As Australian football fans, when the Socceroos compete, we wear our green and gold with pride. The blurred line between cultural and national pride isn’t given a second thought. It’s not even noticed. When your support has to manifest itself in shouting the name of a country with a history of violent oppression, however, this line presents itself as a hard slap in the face of your identity.
When the Iranian national football team arrived in Australia for the Asian Cup , expat Iranian-Australians turned out in droves to show their support. Iranians of all religious and ethnic backgrounds came out to celebrate their football heroes. The joyous displays of cultural pride after Iran’s matches in Sydney, Melbourne and Brisbane had to be seen to be believed: a perfect example of the cultural pluralism that makes this country so great.
As an Australian of Iranian background, I attended one of the Asian Cup matches and celebrated the win in a show of support and cultural solidarity, but I was left with a sense of unease. As the cultural celebrations inevitably rallied around the flag of a country that systematically oppresses its citizens and denies them their basic human rights, I felt myself cheering from a distance.
There were no overtly political actions displayed at the matches. This was not a conscious display of solidarity with, or opposition to, the Iranian government, by any means. The fact that Iranian-Australians from all walks of life, religious and political persuasions, including those who have historically suffered at the hands of the regime, were dancing and celebrating together with unbridled joy shows that the spectacle couldn’t be reduced to a dichotomy of regime support versus opposition. The plurality of support for the Iranian national team is as a perfect example of the separation of sport from global politics.
For me, however, there was a political element to the celebrations that I couldn’t ignore, despite my best efforts.
That women were celebrating freely, unveiled, in Western-style “revealing” clothes and make up, stood in stark contrast to the banning of women from sporting events in Iran and the harsh punishment of women under the so-called “modesty laws.

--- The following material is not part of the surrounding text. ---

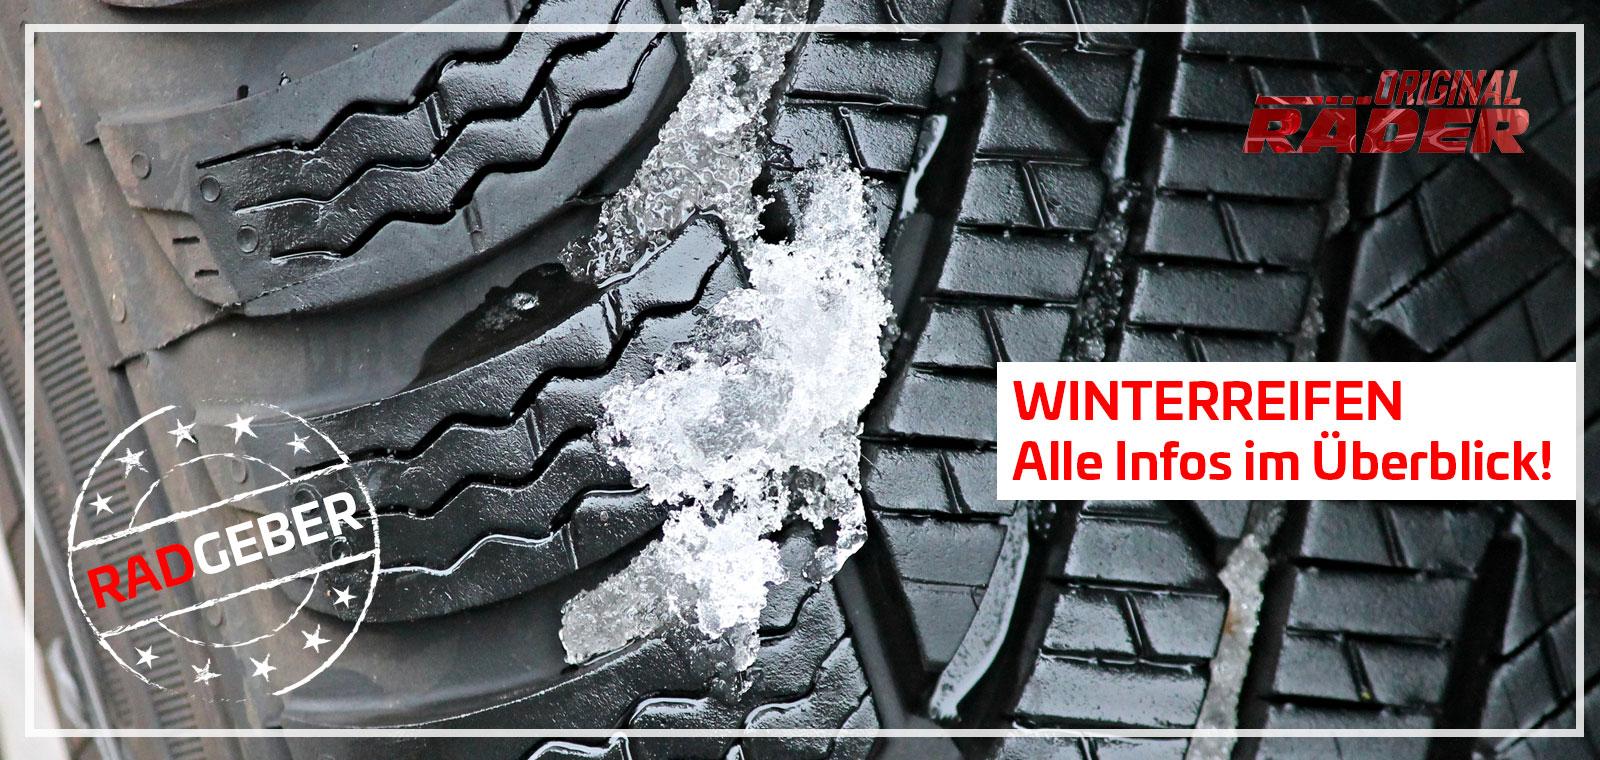 Profiltiefe von Winterreifen: Alles, was Du über sichere Winterreifen und deren Handhabung wissen musst!
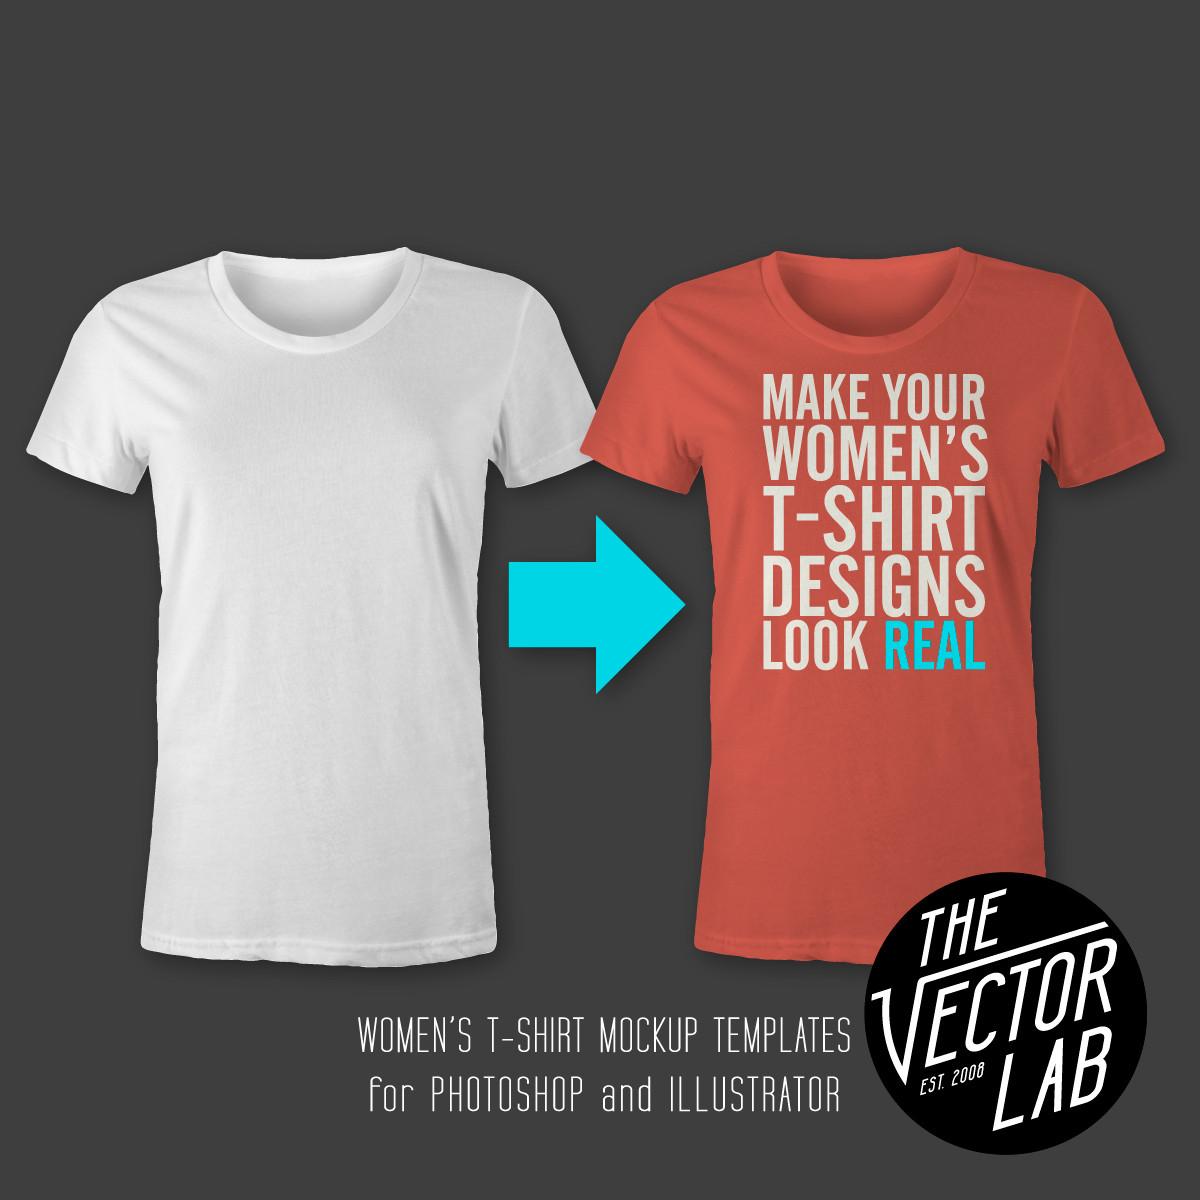 Women's T-Shirt & Apparel Templates

That supporters of the opposite sex were dancing together and embracing each other freely and without fear stood in stark contrast to the punishment of “co-mingling” in Iran.
Most potently, I couldn’t escape the fact that the Asian Cup revellers were celebrating in a country where they were free to express their political beliefs, practice their religions and live their lives unfettered, whilst many of their relatives and fellow “countrymen and women” were being brutally persecuted and imprisoned, often murdered, for their political and religious beliefs and the simple act of being their authentic selves.
I couldn’t ignore the fact that in order to celebrate the country’s win in the manner in which they were, many of them had to risk their lives to escape the very country whose flag they were now waving proudly. This juxtaposition of unabashed freedoms being exercised in Australia and the brutal suppression of those very same freedoms in Iran was an integral part of my experience.
In many ways I saw their celebration as an act of defiance: a proverbial middle-finger to the Iranian regime. The scenes of jubilation are ironically the very scenes that the government of Iran seeks to censor and punish. Ask your average Iranian-Australian “where they’re from” and they’re likely to tell you that they’re “Persian” in an effort to separate their cultural identity from their national shame.
Is there a point at which these expressions of cultural pride – manifesting themselves in the overt displaying of symbols under which scores of people have been oppressed and murdered – blend into an act of complicity with the nation these sporting heroes are purporting to represent?
Is there a point at which chanting the name of the country representing your cultural identity begins to blend into a chant of solidarity with an oppressive regime to the eyes and ears of the watching world – a world that may not appreciate the nuanced differences between cultural pride and national solidarity.
Whenever tournaments like the Asian Cup are organised, there is a demand that the fans and the players separate the joy of the sport from the murky politics of the participating nations; an invitation to get out and support the teams, have a good time and leave the politics at home.
For many it comes easy, but for some of us, there’s a lot more going on than just a fun night out at the football.